Immagine di copertina
Loly, 26 anni, amministratrice di un gruppo Facebook Childfree. Si è già sottoposta all’intervento di sterilizzazione volontaria, la salpingectomia bilaterale

Nato negli Stati Uniti, il movimento si sta diffondendo in Italia, soprattutto tra le ragazze e i ragazzi sotto i 30 anni: ecco le loro storie

“Niente figli. Né ora né mai”. È lo slogan del movimento Childfree, letteralmente “liberi dai bambini”: un vero e proprio stile di vita che si sta diffondendo in Italia perlopiù tra i giovani sotto i 30 anni.

Alcuni, decidono persino di sottoporsi a interventi di sterilizzazione volontaria irreversibili, come atto di libertà. “Mi sto liberando di qualcosa che non voglio”, spiega Loly, 26 anni, modella, prima di entrare in sala operatoria. “Mi sento donna ma non madre” (qui il diario di due ragazze che hanno scelto la sterilizzazione volontaria).

Se dovessi cambiare idea? “È impossibile, childfree si nasce, poi ne prendi coscienza”, spiega. “Un po’ come succede ai gay”.

Il movimento, nato in America per rivendicare il diritto alla scelta di un progetto di vita che esclude categoricamente la possibilità di diventare genitori, è un fenomeno sociale che nel 2013 ha conquistato la copertina del Time.

Il settimanale d’informazione statunitense ha riassunto il senso del nuovo fenomeno sociale in una frase: “When having all means not having children”, quando avere tutto significa non avere bambini.
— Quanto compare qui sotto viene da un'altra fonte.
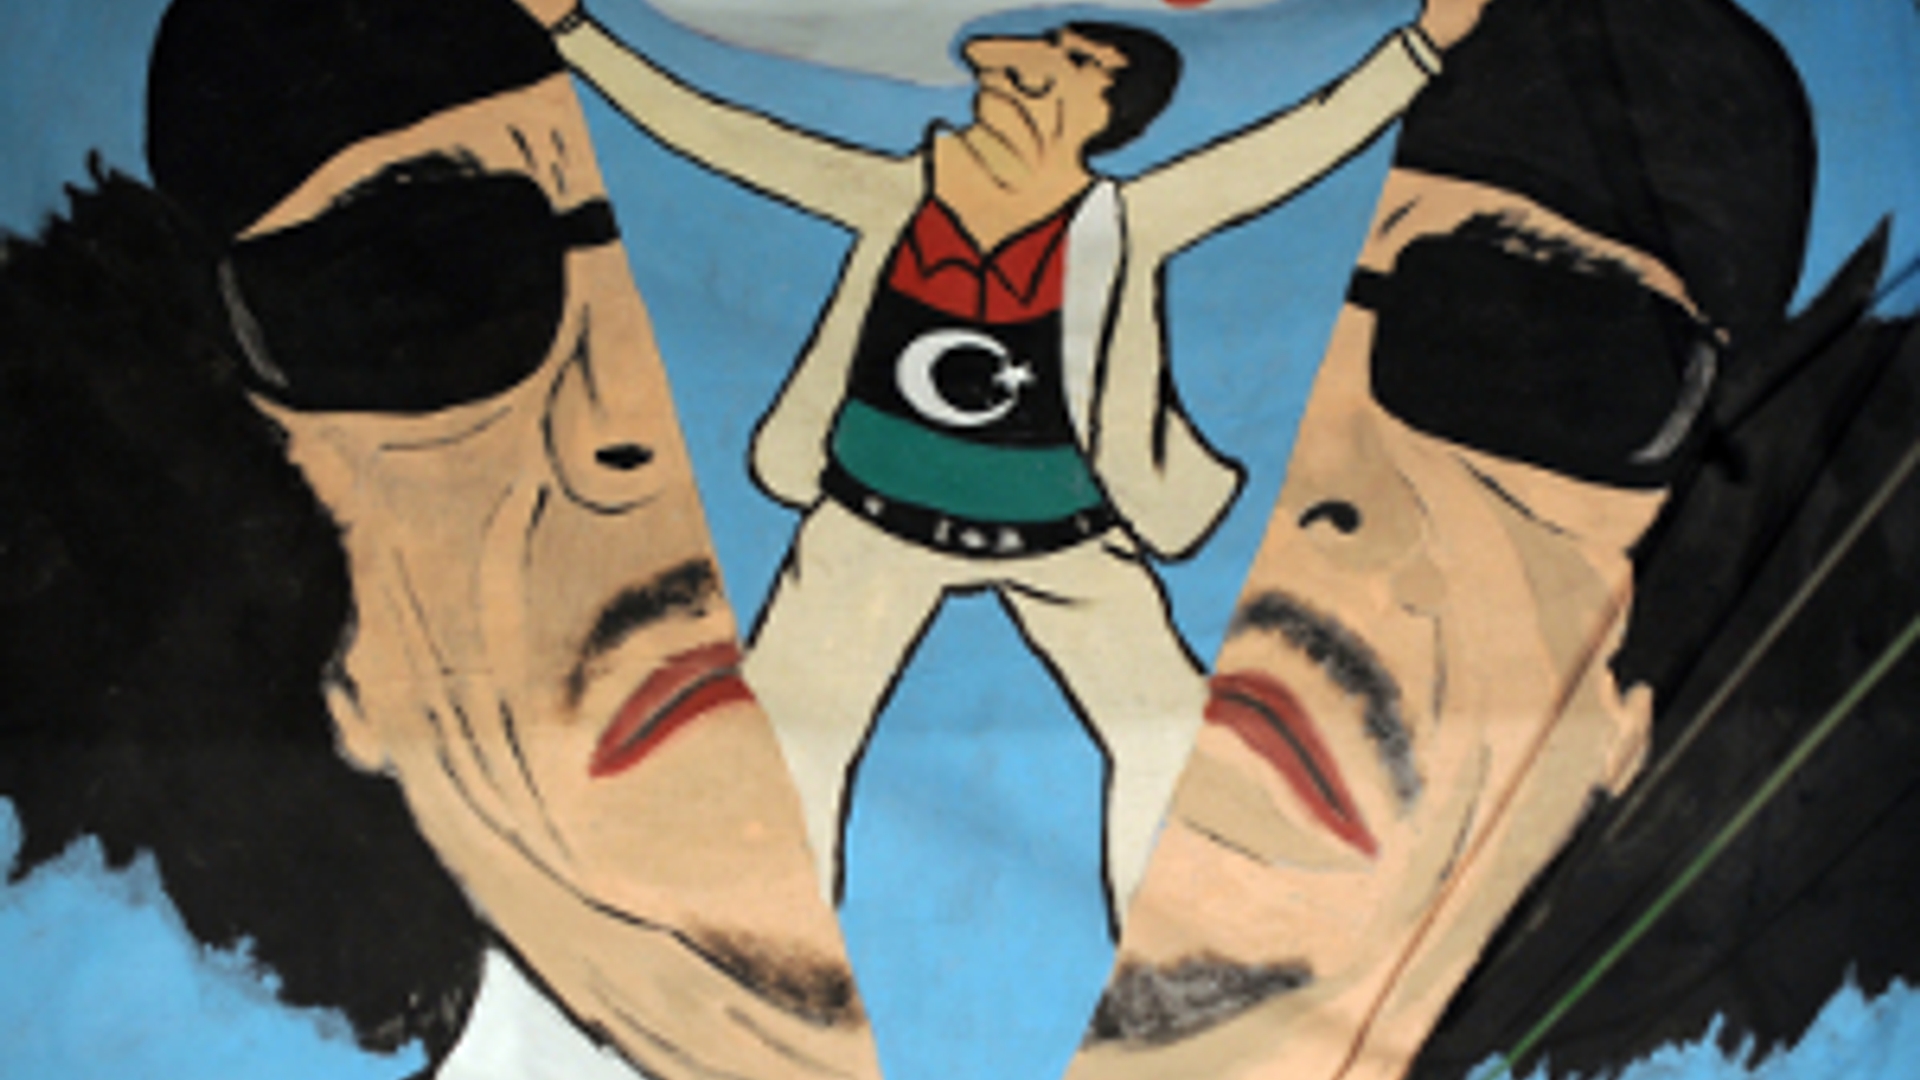 ANP-Khadaffi_muurschildering300.jpg
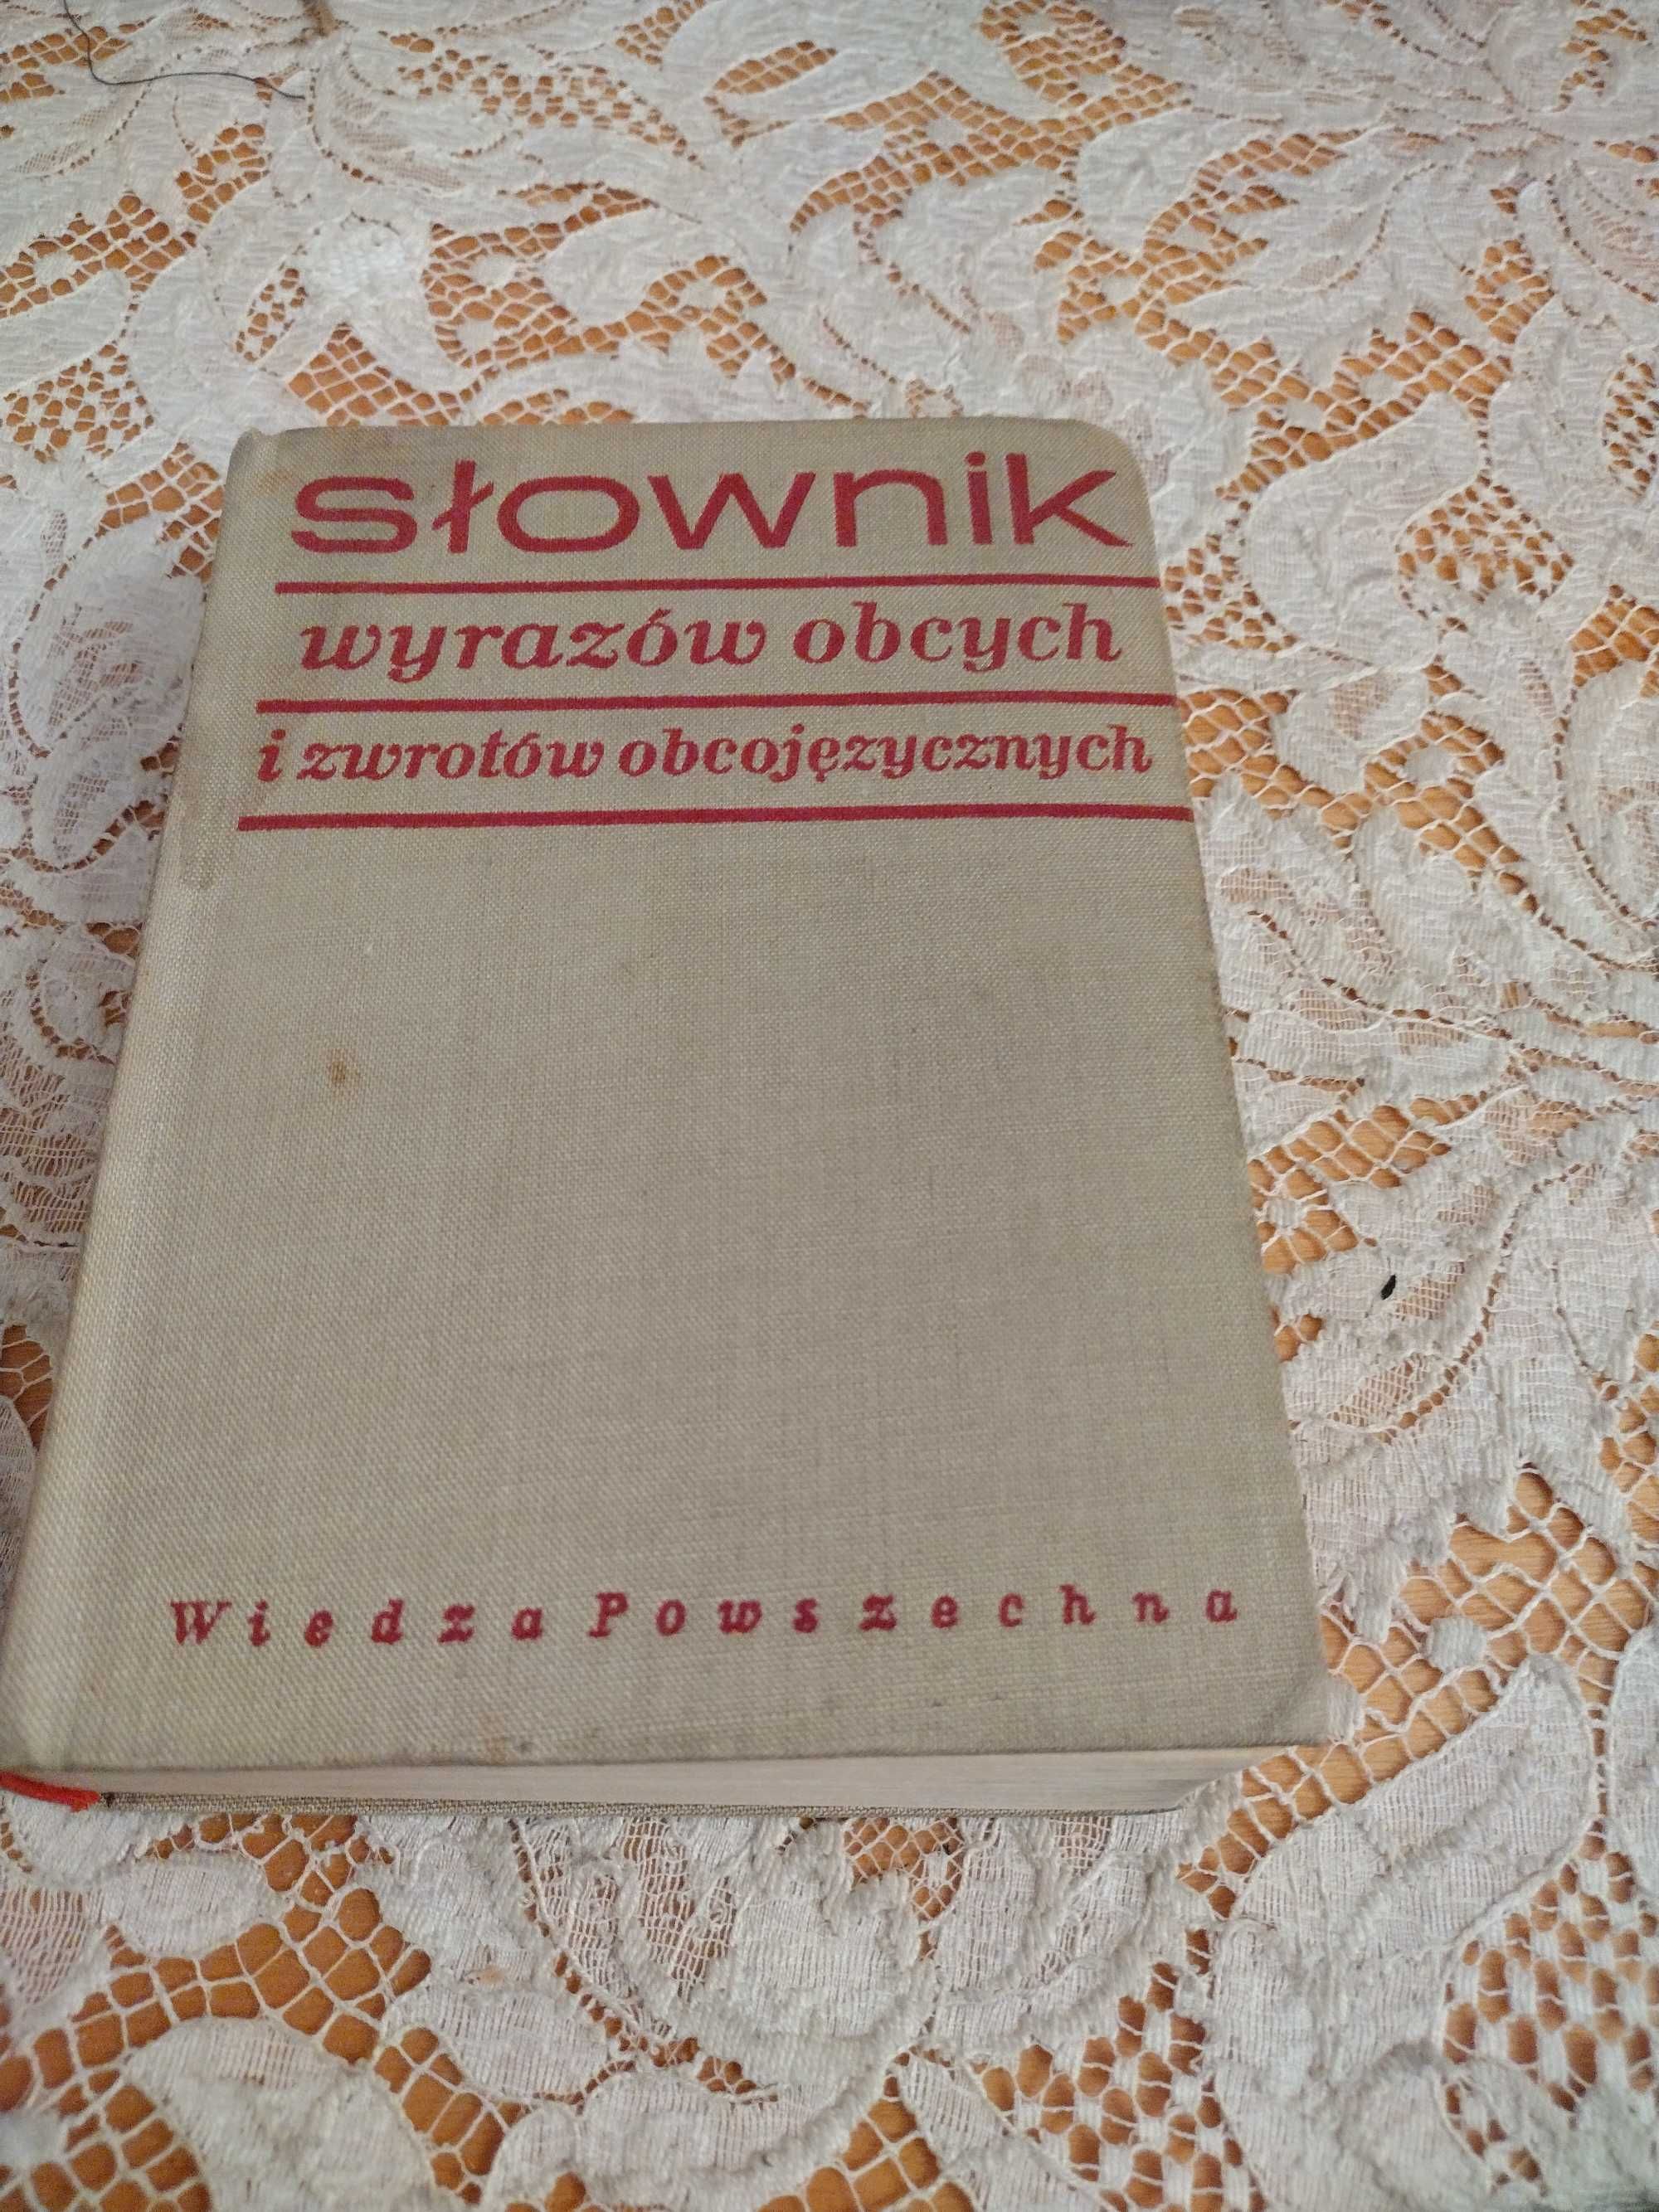 "Słownik wyrazów obcych i zwrotów obcojęzycznych" Władysław Kopaliński

In Italia il movimento Childfree nasce su Facebook

In Italia questa comunità vive sui social network, primo fra tutti Facebook. È qui che sono nati gruppi chiusi, community, pagine pubbliche in grado di tirare fuori dall’isolamento e di mettere in connessione chi si è sentito per molto tempo “strano”o “diverso”.

“Come fai a essere femmina senza desiderare il pancione?”: è la domanda che Erika, pet sitter, confessa di ricevere spesso: “È naturale!”.

La incontro a uno dei pranzi childfree. Piccoli gruppi si danno appuntamento due volte l’anno per sancire il passaggio della comunità da virtuale a reale. Erika è seduta accanto al suo compagno, un informatico.

Raccontano che hanno deciso di mettere al centro del loro rapporto se stessi e un progetto di vita che li porterà a viaggiare senza limiti o pesi che potrebbero ostacolare i loro piani: “La società ti fa credere che fare un bambino sia obbligatorio, mio figlio non serve all’umanità”.

E se c’è chi vorrebbe ristoranti, vagoni dei treni, e aree pubbliche con il divieto di accesso ai bambini, c’è anche chi rivela che per evitare una gravidanza utilizza anche più metodi contraccettivi contemporaneamente.

“Ho il terrore di restare incinta”, spiega Jennifer, 30 anni, cameriera. “Per questo io uso il cerotto anticoncezionale e il mio compagno il preservativo”.

Vedersi con il pancione è uno degli incubi più ricorrenti per le donne: “Non odiamo i bambini”, tengono a sottolineare. “Semplicemente non fanno parte del nostro mondo”.

Poi incrocio lo sguardo di Andrea, 24 anni, studente universitario, che esclama improvvisamente: “Io sono già sterile! Avevo 21 anni quando mi sono sottoposto all’intervento”, racconta davanti la sua fidanzata, anche lei poco più che ventenne.

“Per la vasectomia però ho scelto una clinica privata in Svizzera. Lì nessuno ti sottopone a colloqui con lo psicologo per valutare la tua richiesta. In Italia invece sì”.

La legge: sì alla sterilizzazione volontaria ma manca una regolamentazione

In Italia, anche se è consentita dalla legge, la sterilizzazione volontaria non è mai stata regolamentata.

L’articolo 22 della legge 194, la stessa che consente l’aborto, ha depenalizzato la sterilizzazione volontaria, che fino al 1978 era reato punibile con la reclusione da sei mesi a due anni.

Questa legge ha reso lecito, solo a determinate condizioni, il compimento di atti diretti a rendere qualcuno impotente alla procreazione con il suo consenso.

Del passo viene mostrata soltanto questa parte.